We found that the incidence rates of POUR under spinal and general anesthesia were 1.8% and 2.6%, respectively. Although general anesthesia had a higher rate of POUR than spinal anesthesia, the differences were not significant. In a review of 72 studies, Jensen and colleagues found that the incidence of POUR with regional anesthesia (150 in 6191 patients, 2.42%, 95% CI 2.04–2.81%) was lower than that with general anesthesia (344 in 11,471 patients, 3.00%, 95% CI: 2.69–3.31%) (Jensen et al. 2002). However, the potency of anesthetics, rather than the type of anesthesia, is considered the main cornerstone of the development of POUR (Blair et al. 2017; Petros et al. 1991). We included the potency of anesthetics in the analysis to adjust for potential confounding interactions and ensure that the findings were more informative.
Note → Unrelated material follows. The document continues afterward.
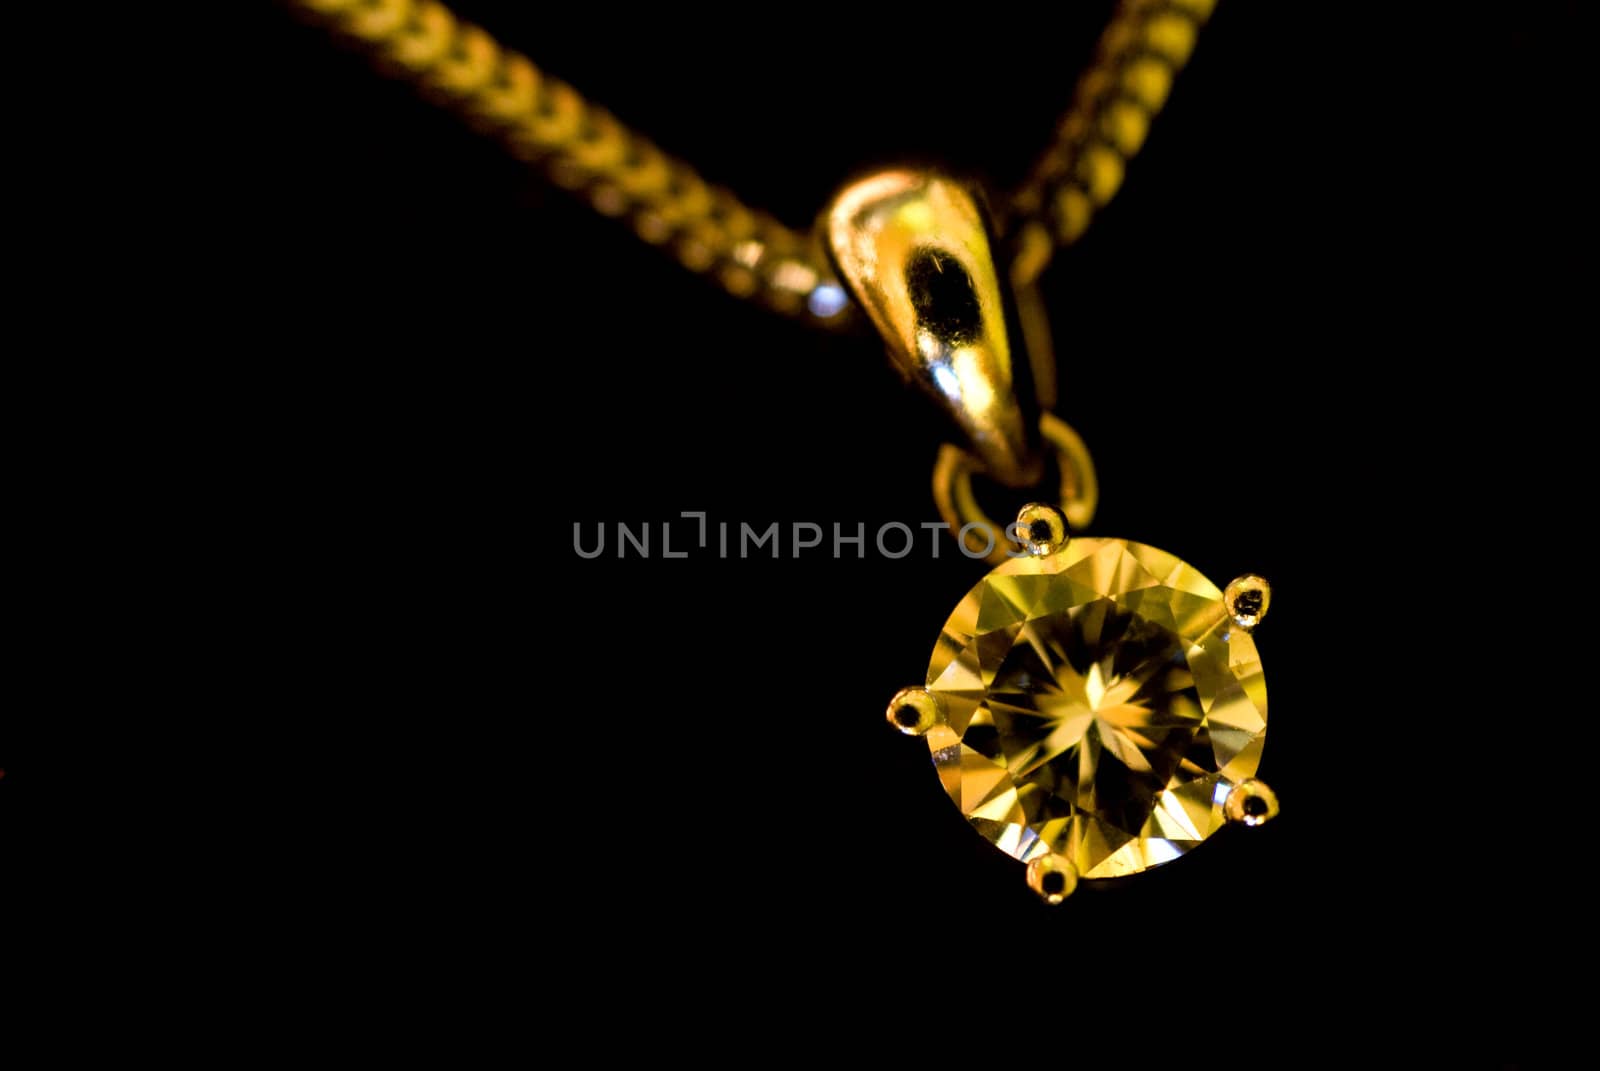 Still life of a diamond pendant on a necklace on a black surface

This study has some limitations. First, given the nature of a retrospective study conducted in one institution, some bias may be present. The retrospective nature of our study limits our ability to establish causality. Furthermore, the majority of IHR in our study involved open repair, which may limit the generalizability of our findings to minimally invasive procedures. However, the sample size was nearly one thousand, and the perioperative parameters were retrieved from a research database integrated with the electric medical records. Furthermore, all IHR procedures were performed in an inpatient setting under the regulation of the Taiwan Healthcare System, and the patients are discharged the day after surgery. Thus, an early diagnosis of POUR can be achieved through more comprehensive consideration compared with an outpatient setting. Therefore, we consider our findings to be informative. Second, the majority of IHR in our study involved open repair. Some studies have reported that minimally invasive IHR leads to a higher incidence of POUR than the open method because of the proximity of dissection to the urinary bladder (Winslow et al. 2004; Koch et al. 2006). Third, outpatient IHR can reduce inpatient admissions and healthcare costs, whereas its choice is associated with clinical and socioeconomic factors.

Future prospective studies or randomized controlled trials could validate our findings and explore the efficacy of targeted interventions to reduce POUR risk, such as minimal invasive surgery, implementing protocols for judicious fluid administration in high-risk patients.

Conclusions

As reflected by our findings and the results of other reports, POUR is a multifactorial disorder following IHR. In this series, we identified both increased patient age and a greater volume of intraoperative fluid administered as risk factors for POUR. Effective prevention of POUR may be accomplished by implementing strategies such as adopting routine preoperative assessments of lower urinary symptoms, avoiding intraoperative hypotensive events, and diminishing blood loss. Further research is necessary to validate these strategies.